I totally agree with this.

However, I do think that if he's not willing to arrange his work to facilitate actually being a parent midweek, then he needs to stop pretending to be anything other than a fair weather, weekend dad. He doesn't get to palm all the work off on to his new partner so that he can pretend to himself and the world at large that he's actually sharing the burden of parenting in any meaningful way post-separation.

But, equally, he may well have to ask his ex if she is ok with them going to breakfast club on his time. She might not be. She might decide she'd rather they just stayed with her and she took them to school.

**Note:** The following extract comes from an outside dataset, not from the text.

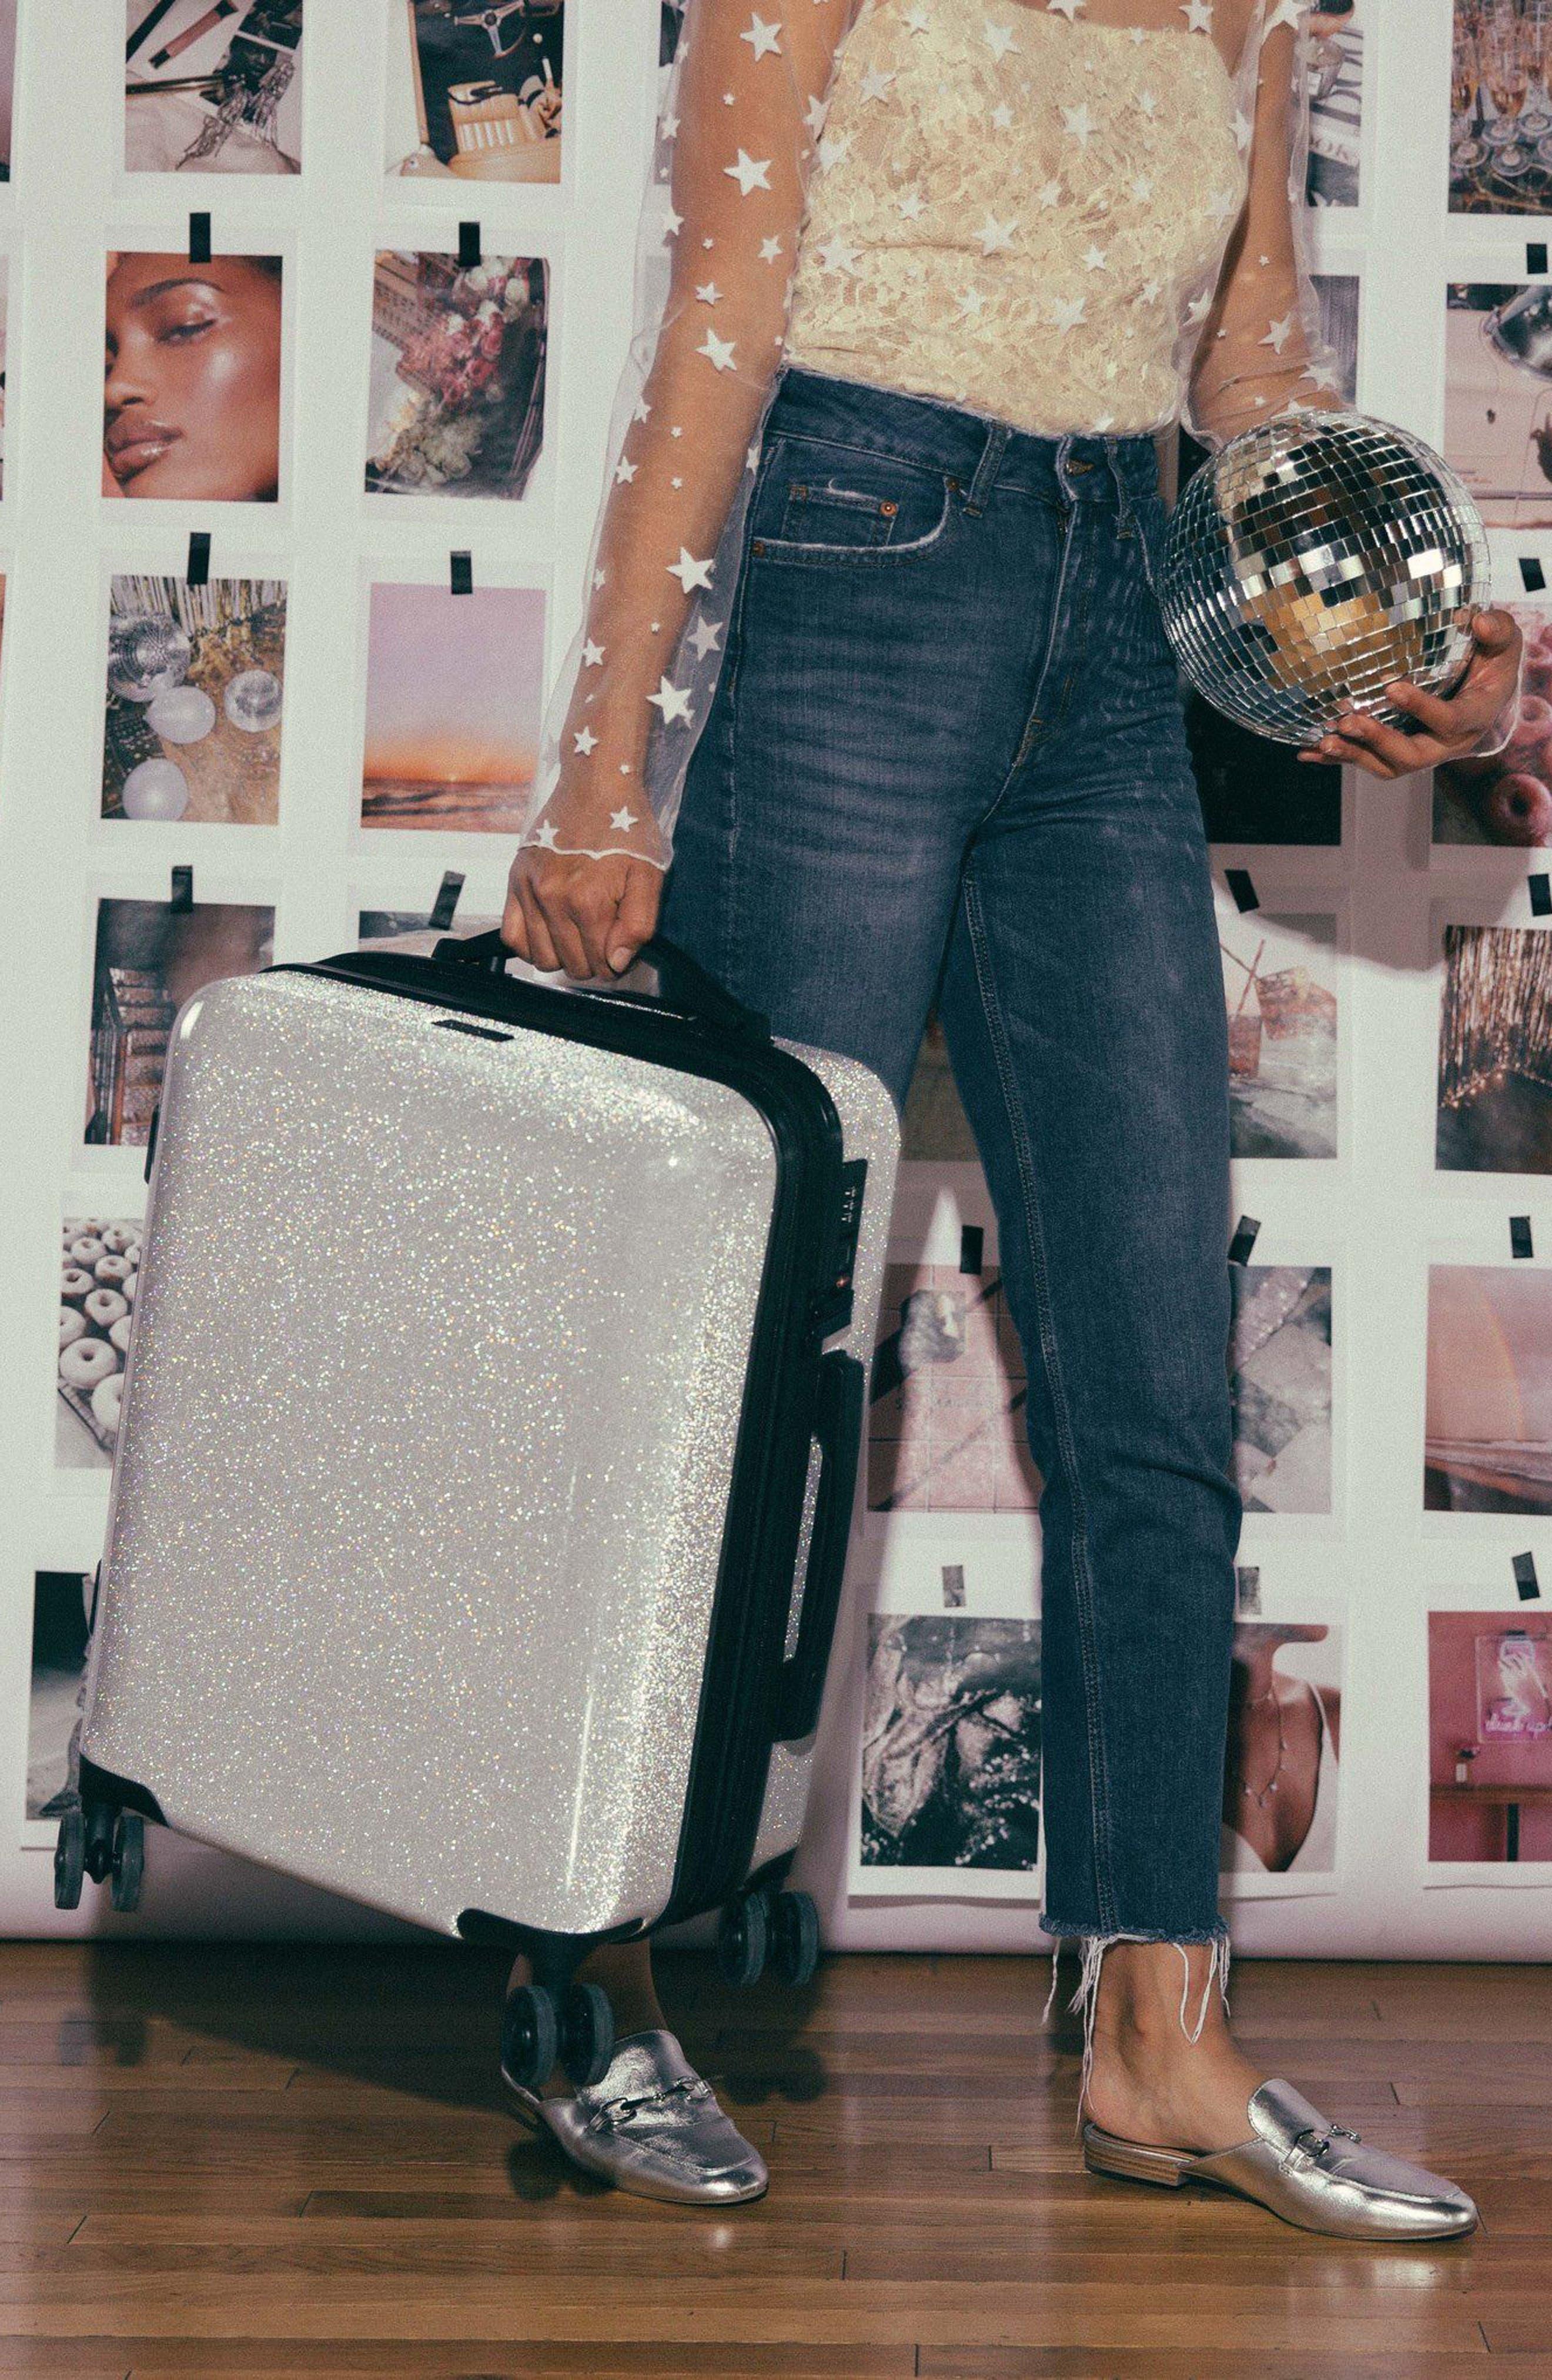 Medora Glitter 20-Inch Hardshell Spinner Carry-On Suitcase,                             Alternate thumbnail 8, color,                             SILVER STARDUST

In either case, it's up to the children's parents to sort it between them. Not for the OP to be late to baby group so her partner can have a nice long lunch at work.

Incidentally, if I were the ex, I'd be very unimpressed that he was asking me or his partner so that he doesn't have to cut his lunch short. That is absolutely the kind of NRPing that's all about pretending to be stepping up but actually not doing it.

Porkee · 16/05/2021 09:36

We don't have any idea who's asked for what and when. The ex may have asked him to do some midweek, he may have asked, they may have always had 50:50 or similar.

The end of the day though, it's feck all to do with OP and everything to do with their parents that they get to school.

ALevelhelp · 16/05/2021 10:02

@FishyFriday

If the Dad wants midweek, he has to deal with every aspect of being the parent. Not expect his Ex or DP to deal with it.

I totally agree with this.

However, I do think that if he's not willing to arrange his work to facilitate actually being a parent midweek, then he needs to stop pretending to be anything other than a fair weather, weekend dad. He doesn't get to palm all the work off on to his new partner so that he can pretend to himself and the world at large that he's actually sharing the burden of parenting in any meaningful way post-separation.

But, equally, he may well have to ask his ex if she is ok with them going to breakfast club on his time. She might not be. She might decide she'd rather they just stayed with her and she took them to school.

In either case, it's up to the children's parents to sort it between them. Not for the OP to be late to baby group so her partner can have a nice long lunch at work.

Incidentally, if I were the ex, I'd be very unimpressed that he was asking me or his partner so that he doesn't have to cut his lunch short. That is absolutely the kind of NRPing that's all about pretending to be stepping up but actually not doing it.